ISIS has captured at least 150 Christians from Assyrian Christian villages in Syria. Among the captured are also women and elderly. Dawn raids were held on rural villages. Ancient Christian minorities lived in these villages. ISIS has not confirmed they kidnapped the Christians. However, people have posted pictures online of ISIS fighters in Tel Tamr, a town near the village where the Christians were kidnapped. The men were dressed in camouflage, looking at maps and firing machine guns.
Sunday, the United States led airstrikes while the Syrian Kurdish carried out two offensives with the Iraqi peshmerga. This was the part of Syria where horrors were committed against the Yazidi, another religious minority last summer. Territory controlled by ISIS borders this part of Syria. The offensive Sunday came within five kilometers of Tel Hamis. Tel Hamis is controlled by ISIS. Fourteen ISIS fighters were killed in the offensive. Eight civilians were also killed by the Kurds heavy shelling. Several Arab villages were taken from ISIS control.
Beirut is reporting that 70 Assyrian Christians were kidnapped. ISIS took the women and children too. This is one of the largest religious minority kidnappings of the militant group thus far. According to the Washington Post, ISIS said it held “tens of crusaders,” ISIS’ term for Christians.
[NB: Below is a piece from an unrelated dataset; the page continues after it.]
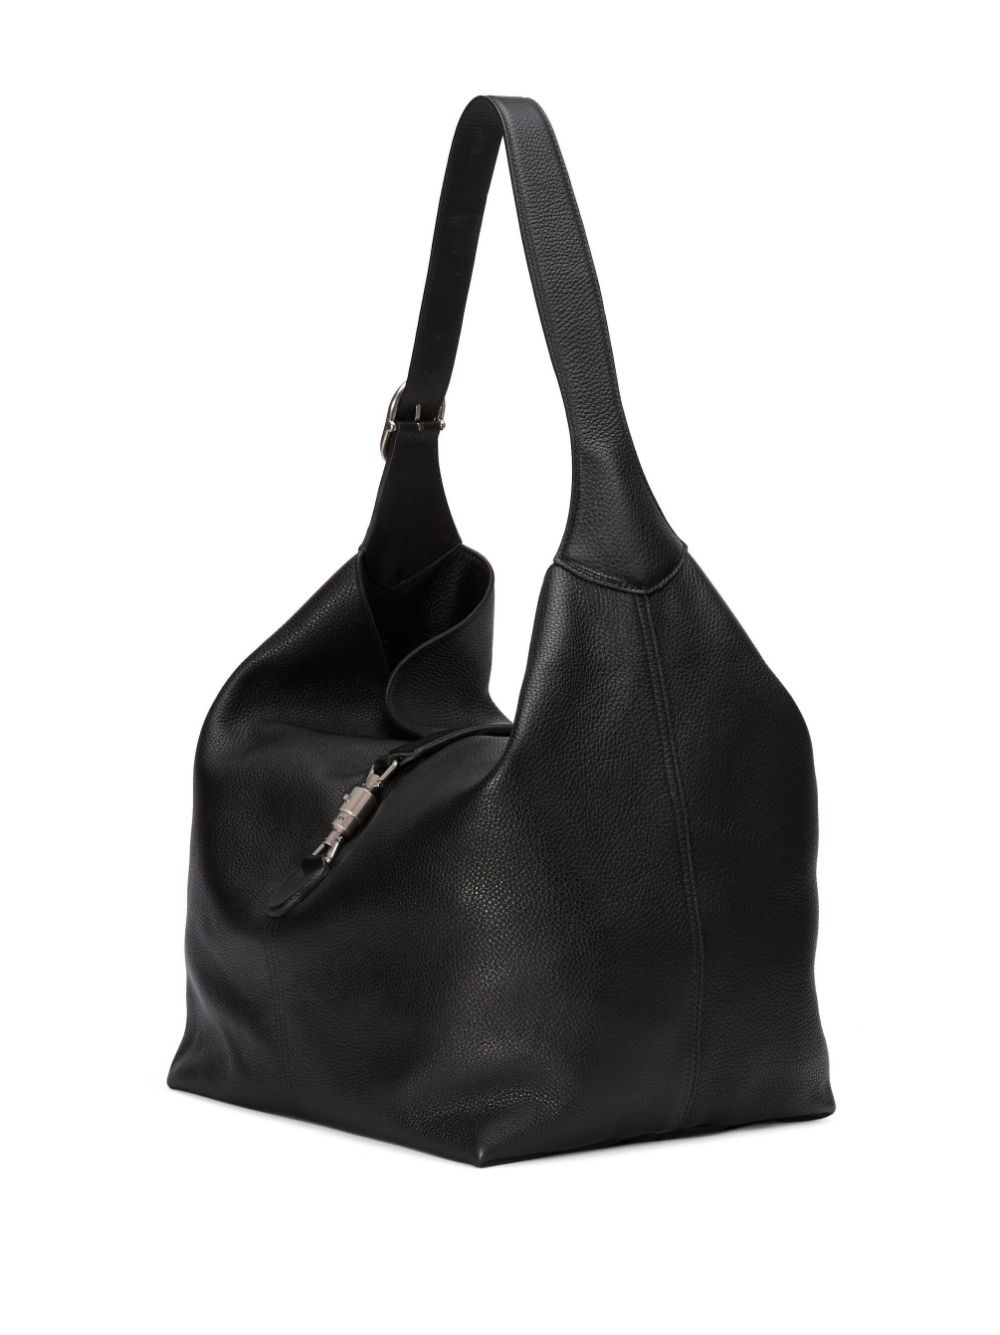 Jackie 1961 leather shoulder bag - 5

ISIS has targeted religious minorities before. Last year they captured and killed Yazidis in large numbers. The Christian captives could be used to gain a piece of land that is strategic to linking its territory in Syria and Iraq. However, ISIS is also quick to enact revenge on the people they capture. Earlier this month 20 Egyptian Coptic Christians were beheaded by the militant group.
That area of Syria is a primary battlefield. That region has seen repeated airstrikes from the U.S. led coalition. However, ISIS is able to carry out these kidnappings during raids. ISIS has some sort of advantage or cut paths. Monday, when ISIS attacked the Christian Assyrian villages by the Khabour River, they tore through the villages abducting or killing its residents. Those that were kidnapped are in unknown danger and many more are homeless. ISIS is eliminating Christians one village at a time.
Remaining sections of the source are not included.